Your output must reproduce all the records below precisely and contain no pictures.

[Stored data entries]
◇ ◇ ◇ ◇ ◇ ◇ ◇

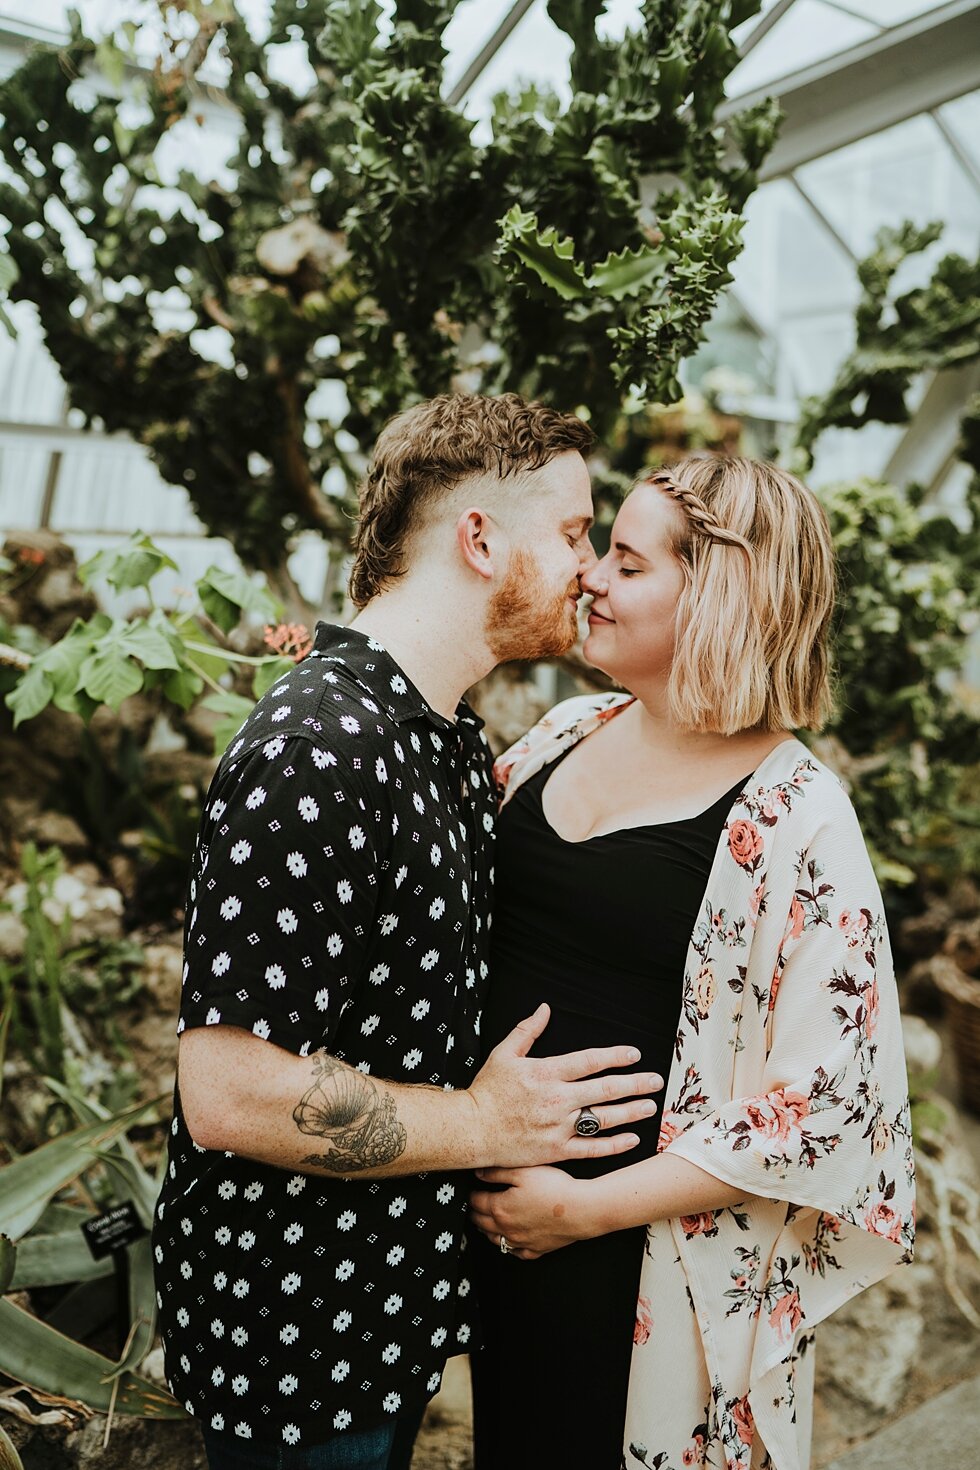  A kiss between these soon to be parents at Krohn Conservatory surrounded by foliage #maternitygoals #maternityphotographer #babybump #outdoorphotosession #kentuckyphotographer #indianaphotographer #louisvillephotographer #maternityphotos #expectinga
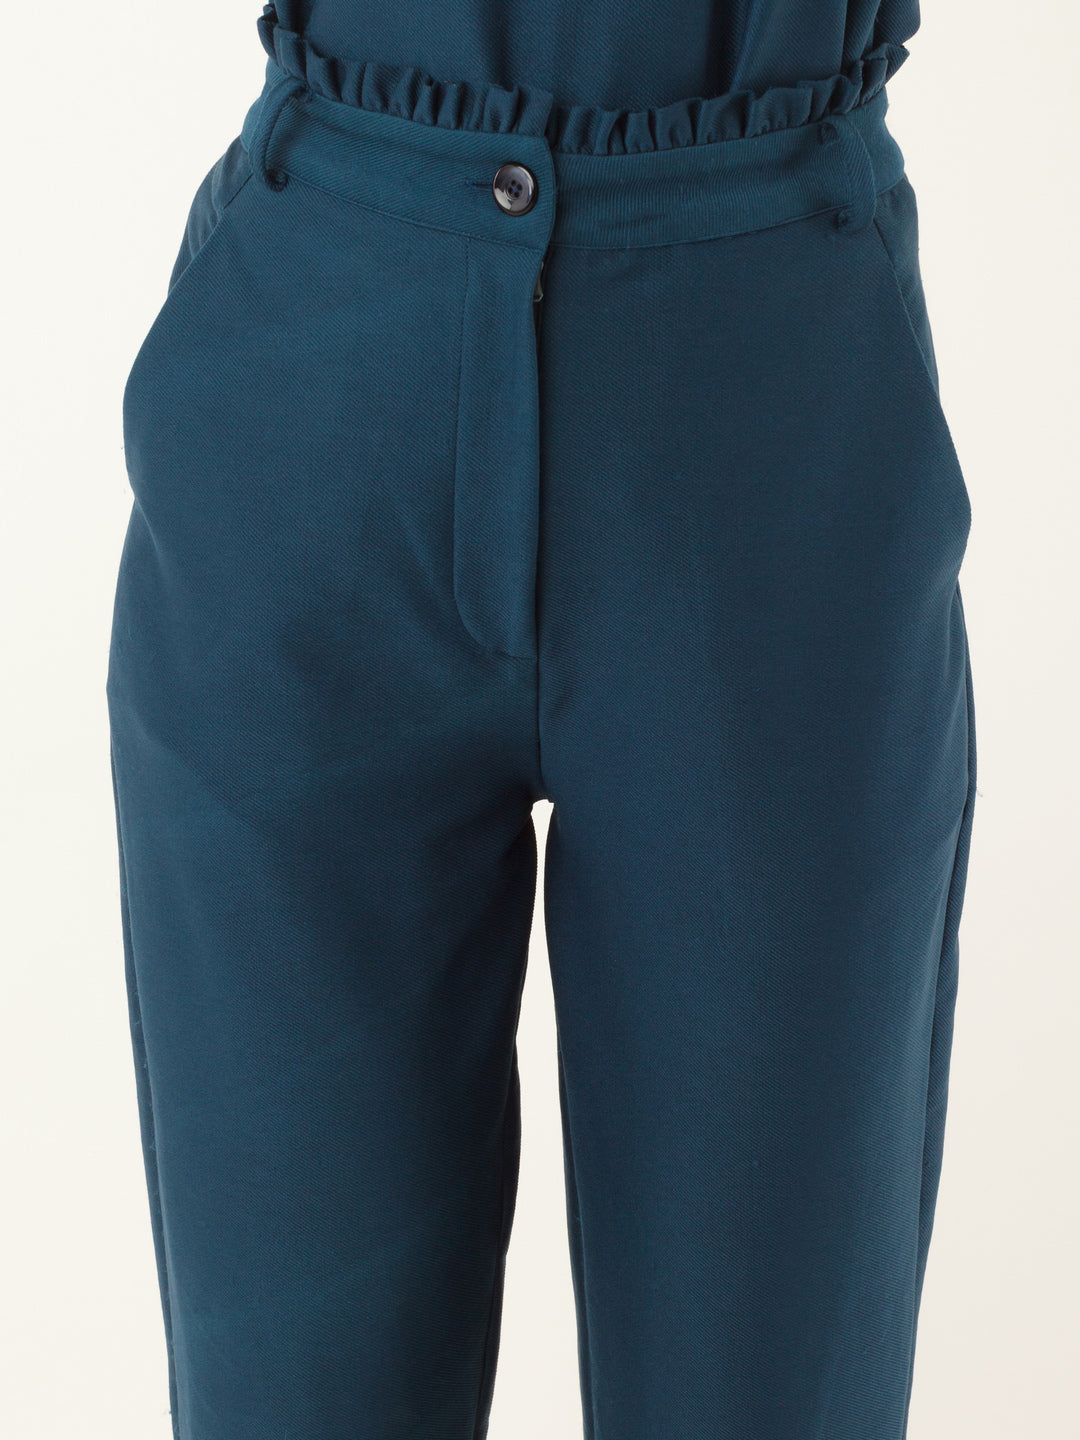 Blue Solid Pleated Trouser For Women
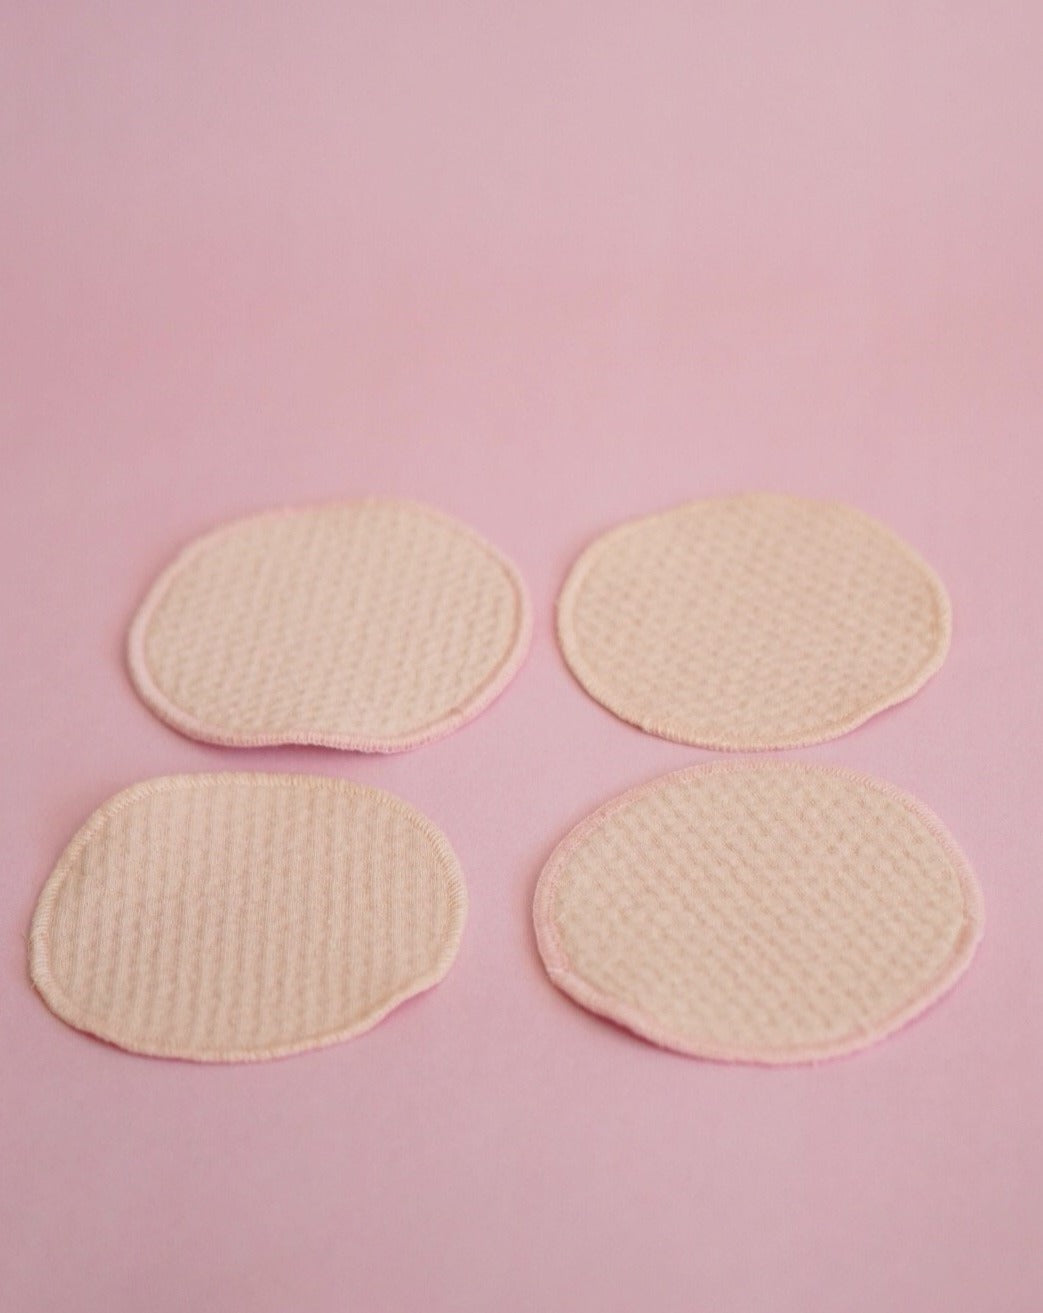 10 Organic Reusable Puffin Breast Pads Cotton & Bamboo 
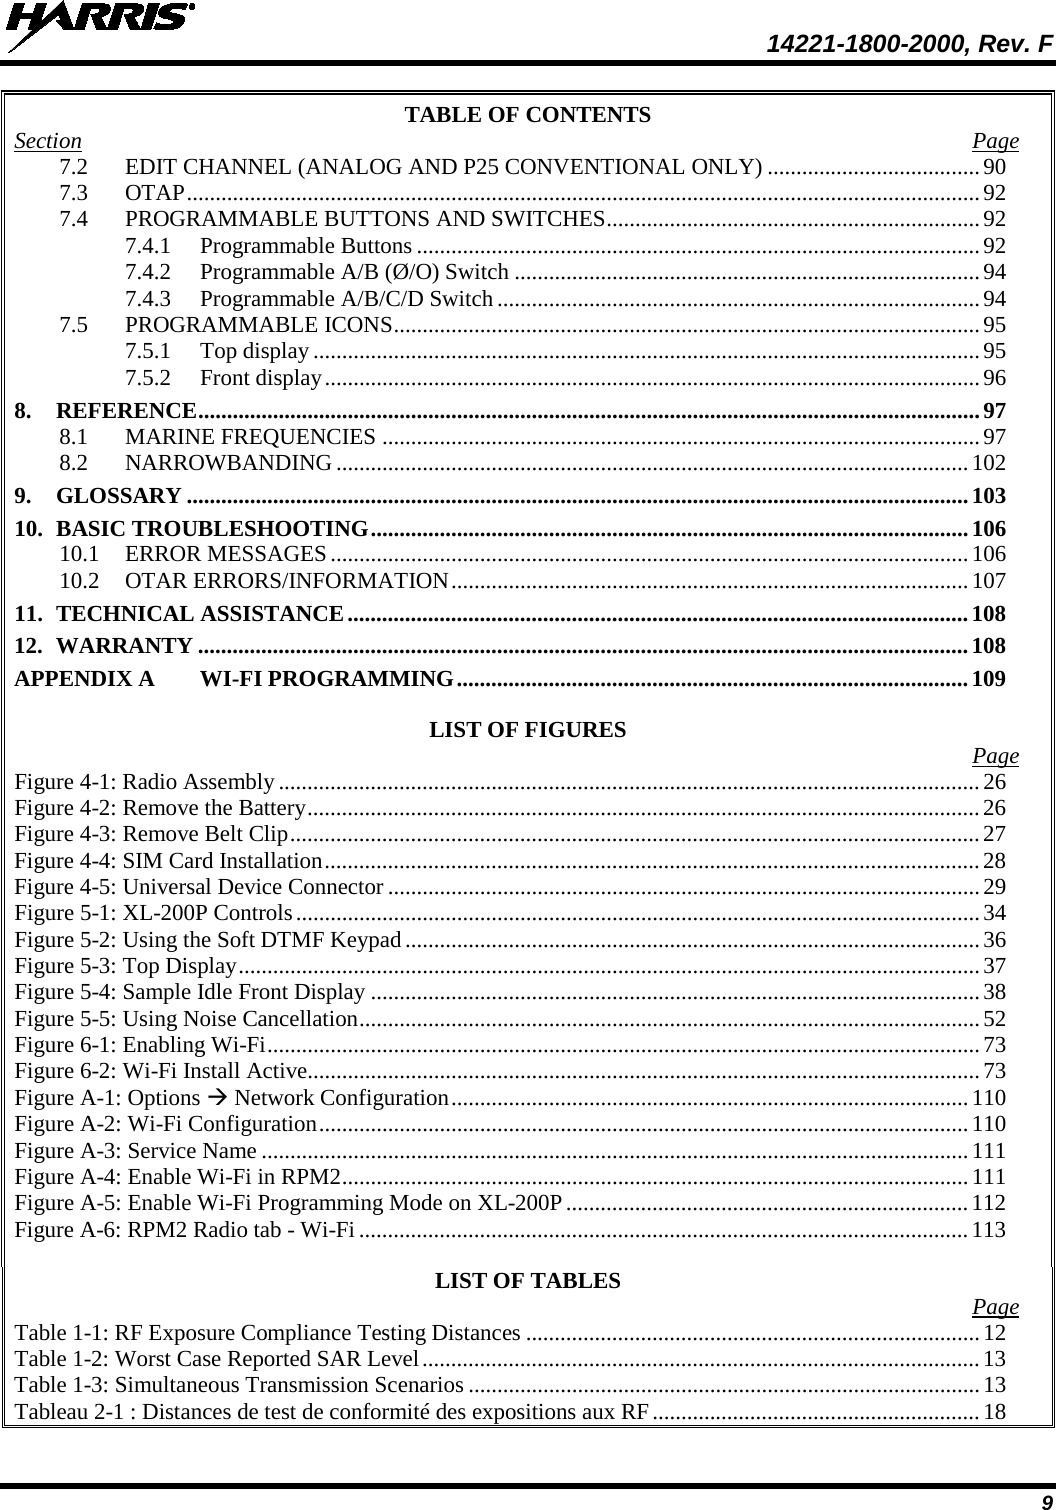  14221-1800-2000, Rev. F 9 TABLE OF CONTENTS Section  Page 7.2 EDIT CHANNEL (ANALOG AND P25 CONVENTIONAL ONLY) ..................................... 90 7.3 OTAP .......................................................................................................................................... 92 7.4 PROGRAMMABLE BUTTONS AND SWITCHES ................................................................. 92 7.4.1 Programmable Buttons .................................................................................................. 92 7.4.2 Programmable A/B (Ø/O) Switch ................................................................................. 94 7.4.3 Programmable A/B/C/D Switch .................................................................................... 94 7.5 PROGRAMMABLE ICONS ...................................................................................................... 95 7.5.1 Top display .................................................................................................................... 95 7.5.2 Front display .................................................................................................................. 96 8. REFERENCE ........................................................................................................................................ 97 8.1 MARINE FREQUENCIES ........................................................................................................ 97 8.2 NARROWBANDING .............................................................................................................. 102 9. GLOSSARY ........................................................................................................................................ 103 10. BASIC TROUBLESHOOTING ........................................................................................................ 106 10.1 ERROR MESSAGES ............................................................................................................... 106 10.2 OTAR ERRORS/INFORMATION .......................................................................................... 107 11. TECHNICAL ASSISTANCE ............................................................................................................ 108 12. WARRANTY ...................................................................................................................................... 108 APPENDIX A WI-FI PROGRAMMING ......................................................................................... 109  LIST OF FIGURES   Page Figure 4-1: Radio Assembly .......................................................................................................................... 26 Figure 4-2: Remove the Battery ..................................................................................................................... 26 Figure 4-3: Remove Belt Clip ........................................................................................................................ 27 Figure 4-4: SIM Card Installation .................................................................................................................. 28 Figure 4-5: Universal Device Connector ....................................................................................................... 29 Figure 5-1: XL-200P Controls ....................................................................................................................... 34 Figure 5-2: Using the Soft DTMF Keypad .................................................................................................... 36 Figure 5-3: Top Display ................................................................................................................................. 37 Figure 5-4: Sample Idle Front Display .......................................................................................................... 38 Figure 5-5: Using Noise Cancellation ............................................................................................................ 52 Figure 6-1: Enabling Wi-Fi ............................................................................................................................ 73 Figure 6-2: Wi-Fi Install Active ..................................................................................................................... 73 Figure A-1: Options  Network Configuration .......................................................................................... 110 Figure A-2: Wi-Fi Configuration ................................................................................................................. 110 Figure A-3: Service Name ........................................................................................................................... 111 Figure A-4: Enable Wi-Fi in RPM2 ............................................................................................................. 111 Figure A-5: Enable Wi-Fi Programming Mode on XL-200P ...................................................................... 112 Figure A-6: RPM2 Radio tab - Wi-Fi .......................................................................................................... 113  LIST OF TABLES   Page Table 1-1: RF Exposure Compliance Testing Distances ............................................................................... 12 Table 1-2: Worst Case Reported SAR Level ................................................................................................. 13 Table 1-3: Simultaneous Transmission Scenarios ......................................................................................... 13 Tableau 2-1 : Distances de test de conformité des expositions aux RF ......................................................... 18 
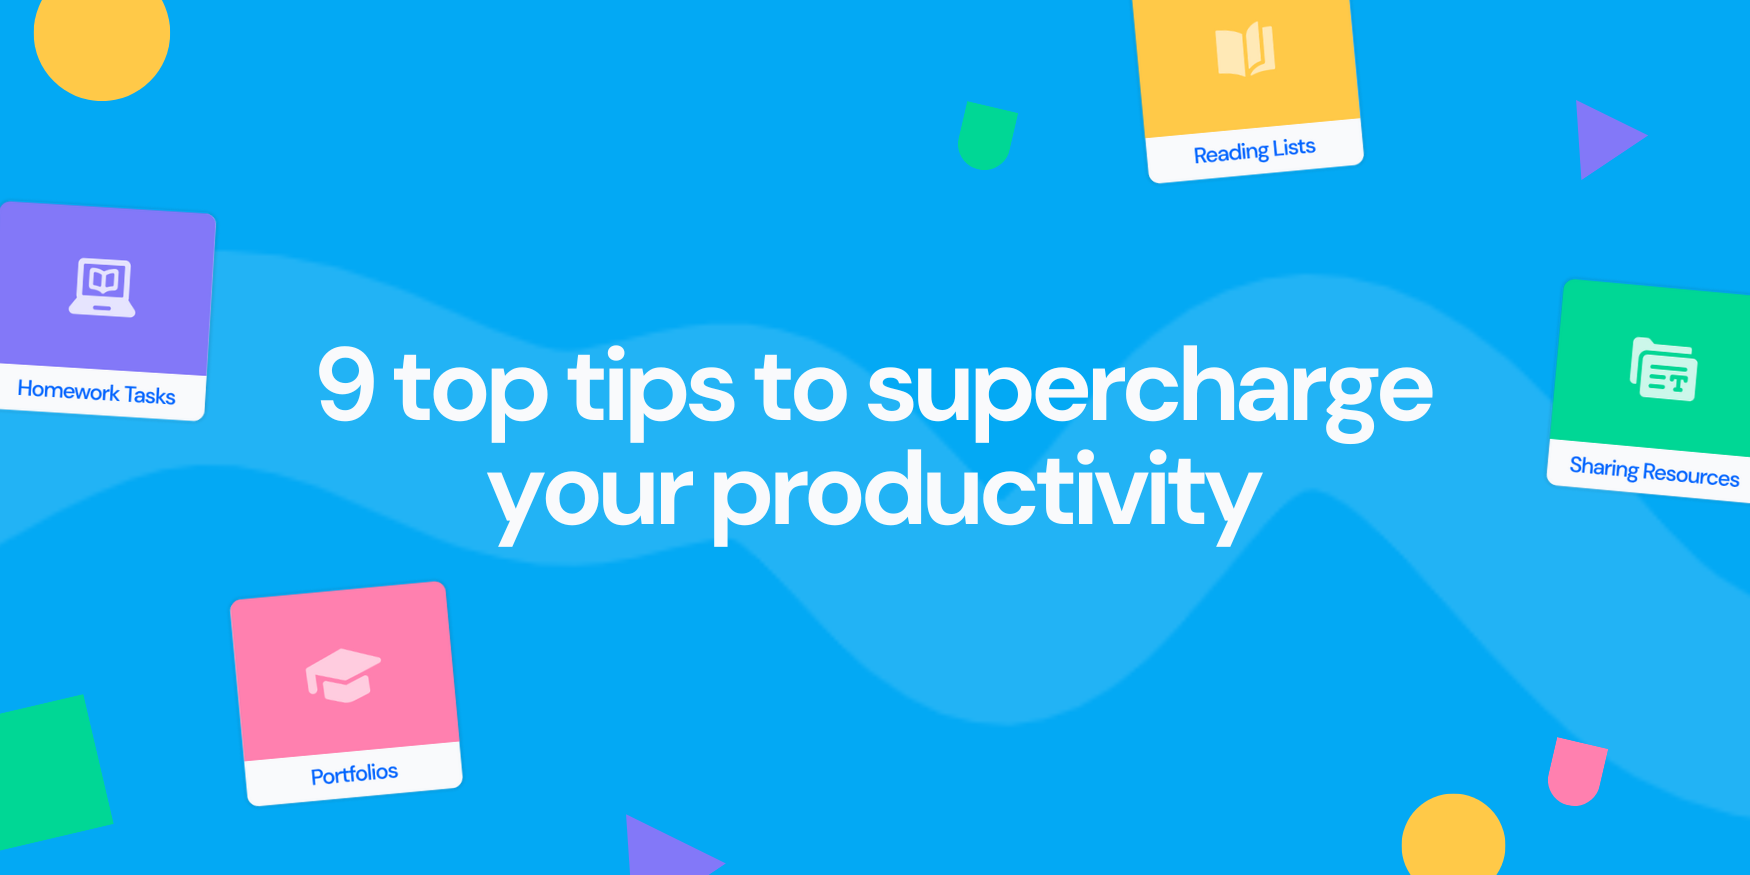 9 top tips to supercharge your productivity

◇ ◇ ◇ ◇ ◇ ◇ ◇

Result of the task:
  A kiss between these soon to be parents at Krohn Conservatory surrounded by foliage #maternitygoals #maternityphotographer #babybump #outdoorphotosession #kentuckyphotographer #indianaphotographer #louisvillephotographer #maternityphotos #expectinga
 Blue Solid Pleated Trouser For Women
 10 Organic Reusable Puffin Breast Pads Cotton & Bamboo 
  14221-1800-2000, Rev. F 9 TABLE OF CONTENTS Section  Page 7.2 EDIT CHANNEL (ANALOG AND P25 CONVENTIONAL ONLY) ..................................... 90 7.3 OTAP .......................................................................................................................................... 92 7.4 PROGRAMMABLE BUTTONS AND SWITCHES ................................................................. 92 7.4.1 Programmable Buttons .................................................................................................. 92 7.4.2 Programmable A/B (Ø/O) Switch ................................................................................. 94 7.4.3 Programmable A/B/C/D Switch .................................................................................... 94 7.5 PROGRAMMABLE ICONS ...................................................................................................... 95 7.5.1 Top display .................................................................................................................... 95 7.5.2 Front display .................................................................................................................. 96 8. REFERENCE ........................................................................................................................................ 97 8.1 MARINE FREQUENCIES ........................................................................................................ 97 8.2 NARROWBANDING .............................................................................................................. 102 9. GLOSSARY ........................................................................................................................................ 103 10. BASIC TROUBLESHOOTING ........................................................................................................ 106 10.1 ERROR MESSAGES ............................................................................................................... 106 10.2 OTAR ERRORS/INFORMATION .......................................................................................... 107 11. TECHNICAL ASSISTANCE ............................................................................................................ 108 12. WARRANTY ...................................................................................................................................... 108 APPENDIX A WI-FI PROGRAMMING ......................................................................................... 109  LIST OF FIGURES   Page Figure 4-1: Radio Assembly .......................................................................................................................... 26 Figure 4-2: Remove the Battery ..................................................................................................................... 26 Figure 4-3: Remove Belt Clip ........................................................................................................................ 27 Figure 4-4: SIM Card Installation .................................................................................................................. 28 Figure 4-5: Universal Device Connector ....................................................................................................... 29 Figure 5-1: XL-200P Controls ....................................................................................................................... 34 Figure 5-2: Using the Soft DTMF Keypad .................................................................................................... 36 Figure 5-3: Top Display ................................................................................................................................. 37 Figure 5-4: Sample Idle Front Display .......................................................................................................... 38 Figure 5-5: Using Noise Cancellation ............................................................................................................ 52 Figure 6-1: Enabling Wi-Fi ............................................................................................................................ 73 Figure 6-2: Wi-Fi Install Active ..................................................................................................................... 73 Figure A-1: Options  Network Configuration .......................................................................................... 110 Figure A-2: Wi-Fi Configuration ................................................................................................................. 110 Figure A-3: Service Name ........................................................................................................................... 111 Figure A-4: Enable Wi-Fi in RPM2 ............................................................................................................. 111 Figure A-5: Enable Wi-Fi Programming Mode on XL-200P ...................................................................... 112 Figure A-6: RPM2 Radio tab - Wi-Fi .......................................................................................................... 113  LIST OF TABLES   Page Table 1-1: RF Exposure Compliance Testing Distances ............................................................................... 12 Table 1-2: Worst Case Reported SAR Level ................................................................................................. 13 Table 1-3: Simultaneous Transmission Scenarios ......................................................................................... 13 Tableau 2-1 : Distances de test de conformité des expositions aux RF ......................................................... 18 
 9 top tips to supercharge your productivity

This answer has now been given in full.